In the component mounting operation, the component mounting operation of picking up and taking out an electronic component from the tape feeder 5 arranged in the component supply unit 4 by the suction nozzle 8a, and transporting and mounting it on the substrate 3 is repeatedly executed. In this process, when a component breakage occurs in any of the tape feeders 5 on the carrier tape 15 of the supply reel 14, the carrier tape 15 already mounted on the tape feeder 5 and the newly mounted carrier tape 15A are joined together. Tape splicing is executed (ST1). At this time, as described above, the predetermined length range (L1 = n × p range... See FIG. 8A) sandwiching the joint portion J is an empty tape in which the electronic component P does not exist in the component pocket 16a. Is done.
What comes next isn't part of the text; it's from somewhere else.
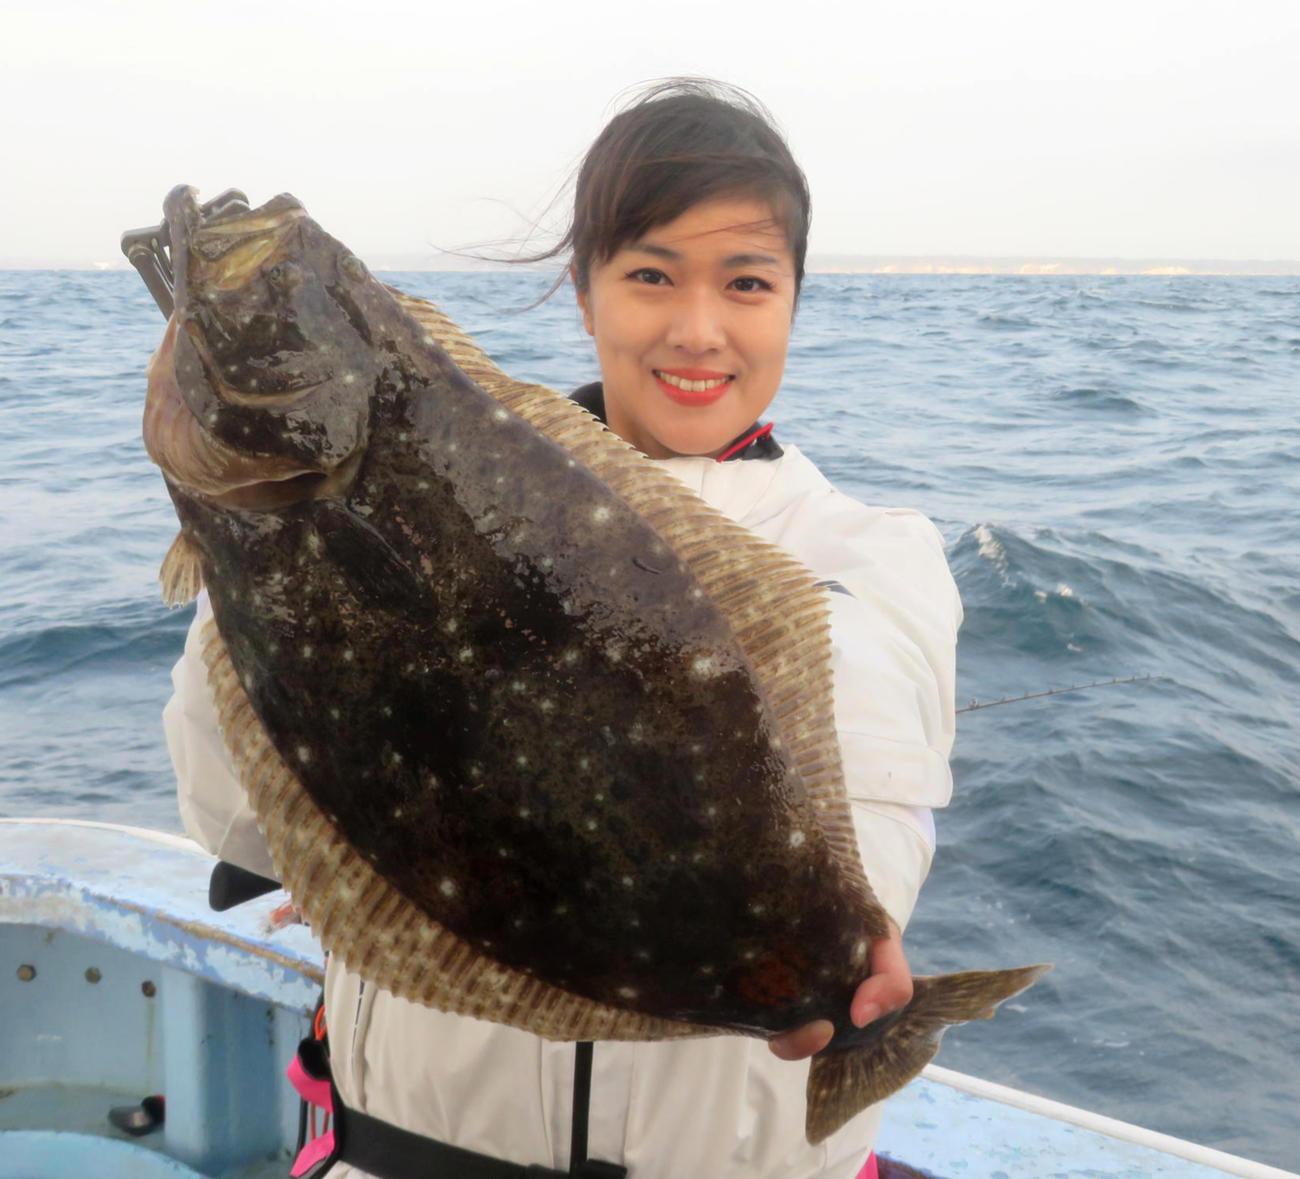 千葉・岩船沖で1・8キロのヒラメを釣り上げ、目標を達成した出光仁美

  After that, the electronic components are continuously picked up by the suction nozzle 8a, and the electronic components held on the already mounted carrier tape 15 are taken out by the suction nozzle 8a. In this process, as shown in FIG. 8A, the joint portion J reaches the position of the sensor 30 and is detected by the joint detection means shown in FIG. 6 (ST2). Then, by continuing to pick up the electronic components, as shown in FIG. 8B, the last electronic component P * held on the already mounted carrier tape 15 is picked up by the nozzle 8a, and the remaining components are picked up. Completion (ST3).

  Since the number of remaining parts held on the already mounted carrier tape 15 at the timing when the joint portion J reaches the position of the sensor 30 is known, when the pickup operation is repeated by the known number from the above timing, the joint portion It is detected that J has reached a predetermined position upstream of the pickup position. In response to this detection, the carrier tape 15 is fed by a single feed operation for a batch feed length L2 ((n + 1) × p) shown in FIG. 8B (ST4). The batch feed length L2 is determined based on the predetermined length L1.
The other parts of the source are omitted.